DATASET SECTION:

# # #

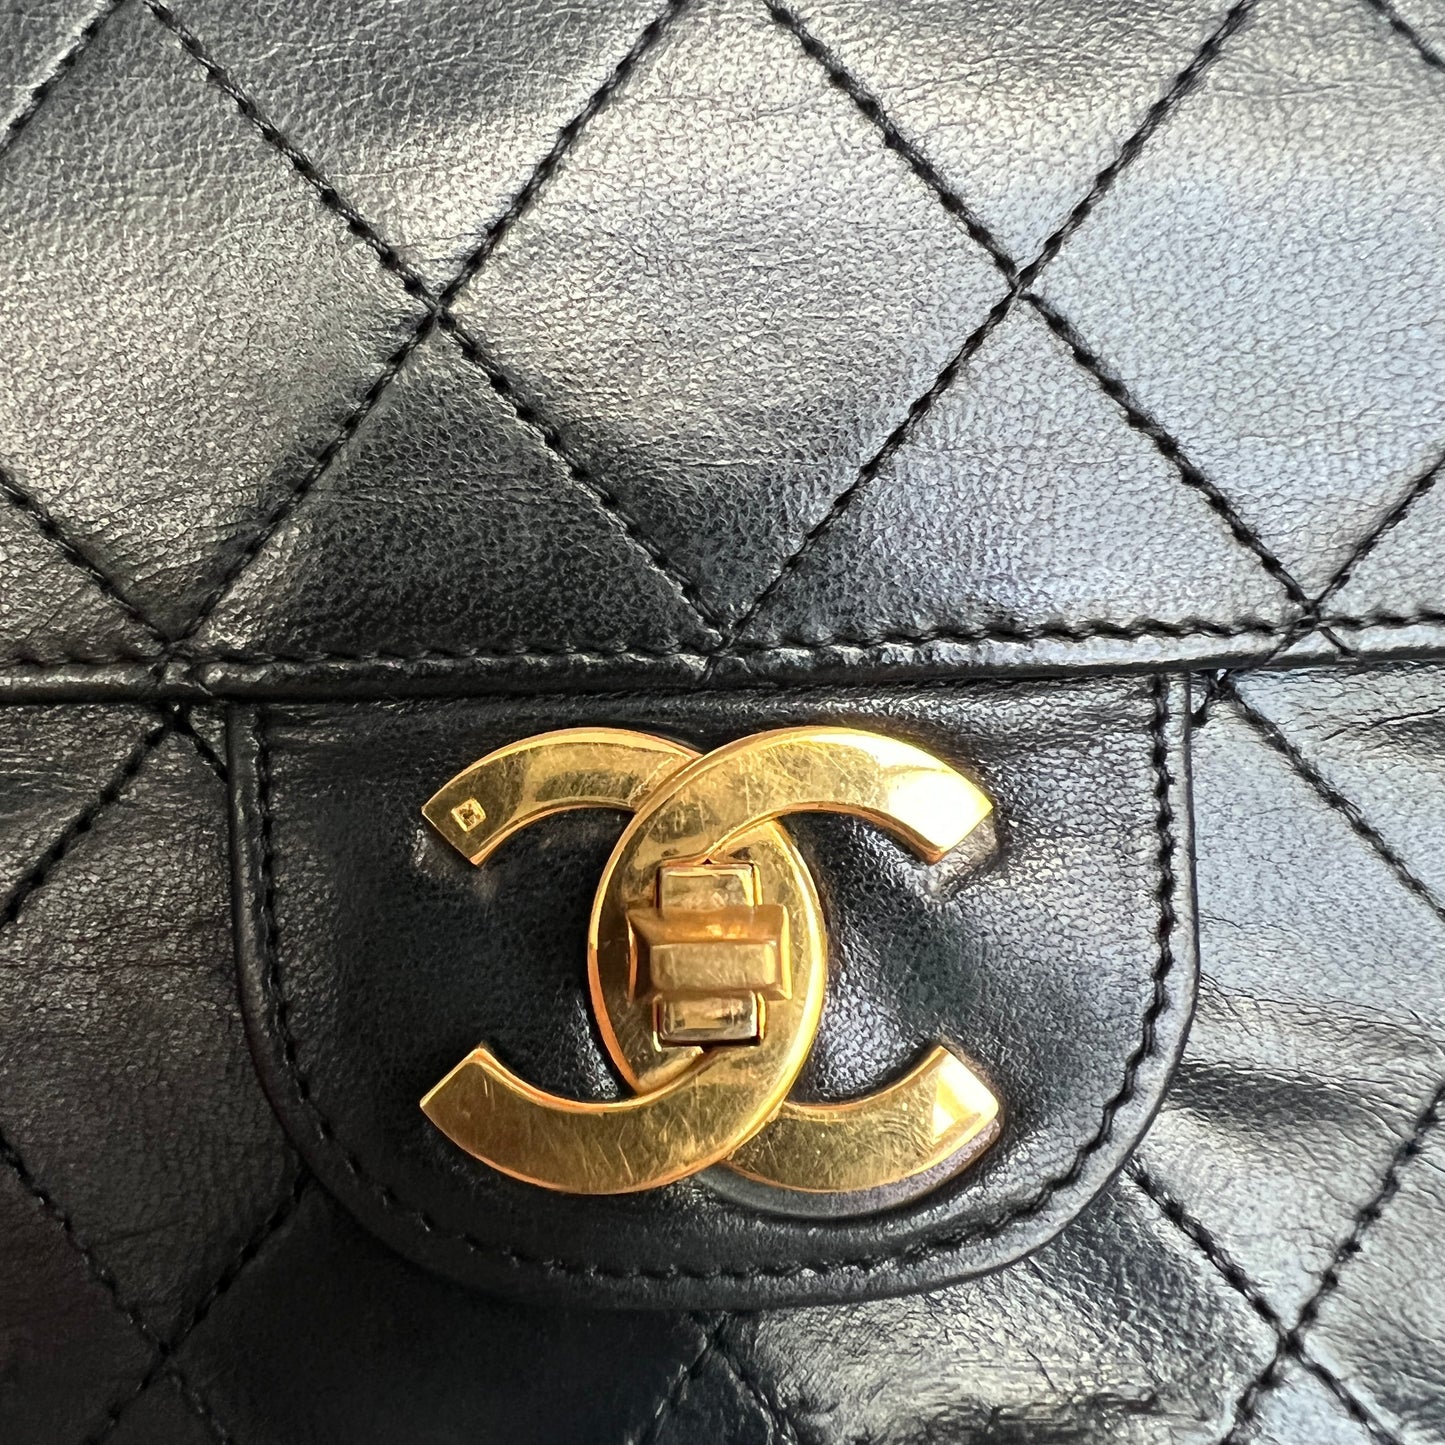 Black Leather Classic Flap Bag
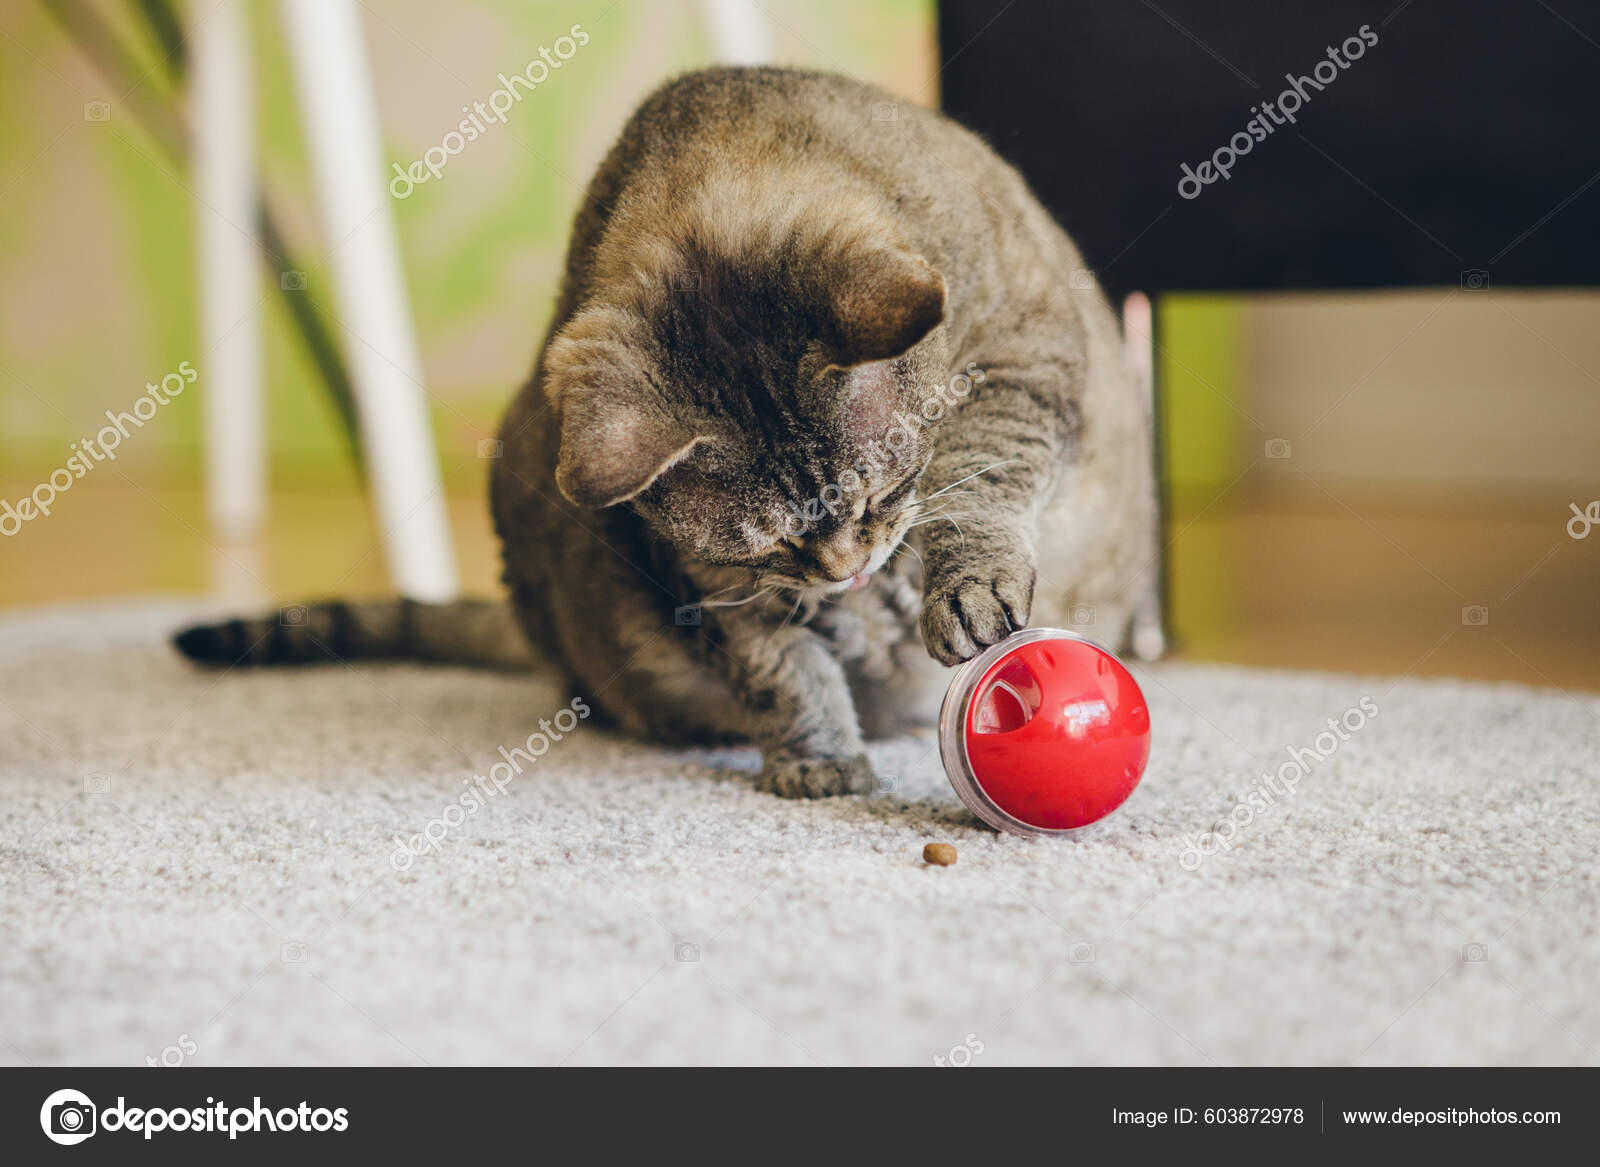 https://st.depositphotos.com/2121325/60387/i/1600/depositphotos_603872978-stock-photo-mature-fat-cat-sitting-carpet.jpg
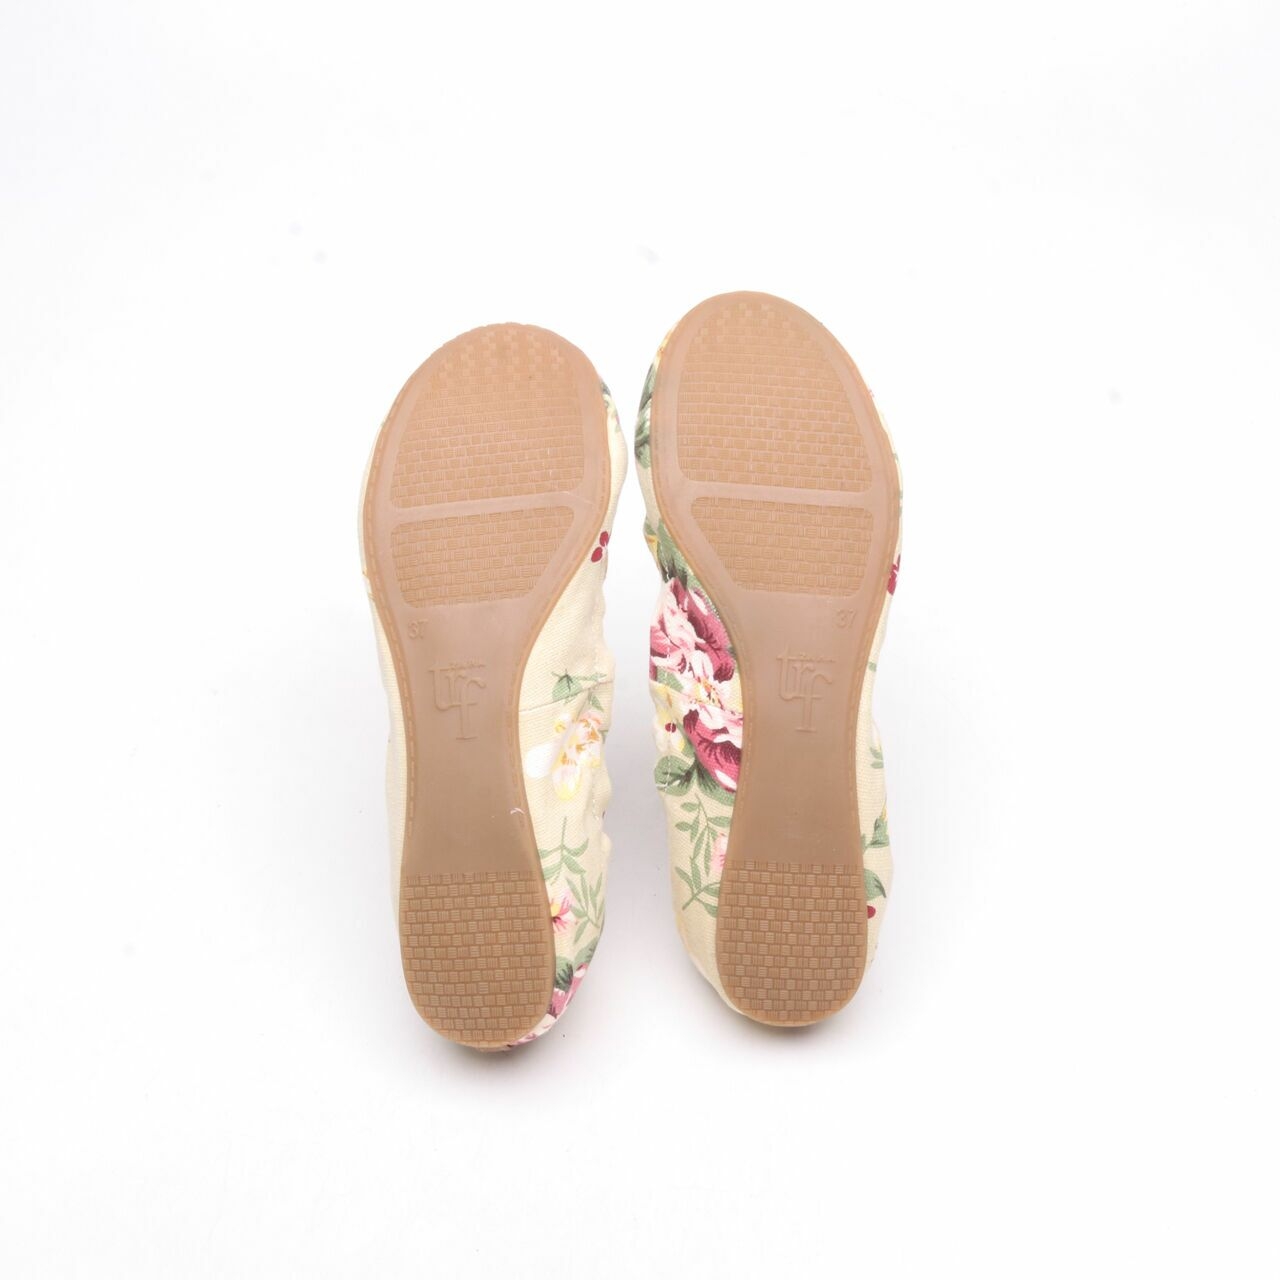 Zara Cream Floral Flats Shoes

# # #

WHAT TO DO: Give back the data verbatim. The pictures are not part of the copy.

EXPECTED ANSWER:
 Black Leather Classic Flap Bag
 https://st.depositphotos.com/2121325/60387/i/1600/depositphotos_603872978-stock-photo-mature-fat-cat-sitting-carpet.jpg
 Zara Cream Floral Flats Shoes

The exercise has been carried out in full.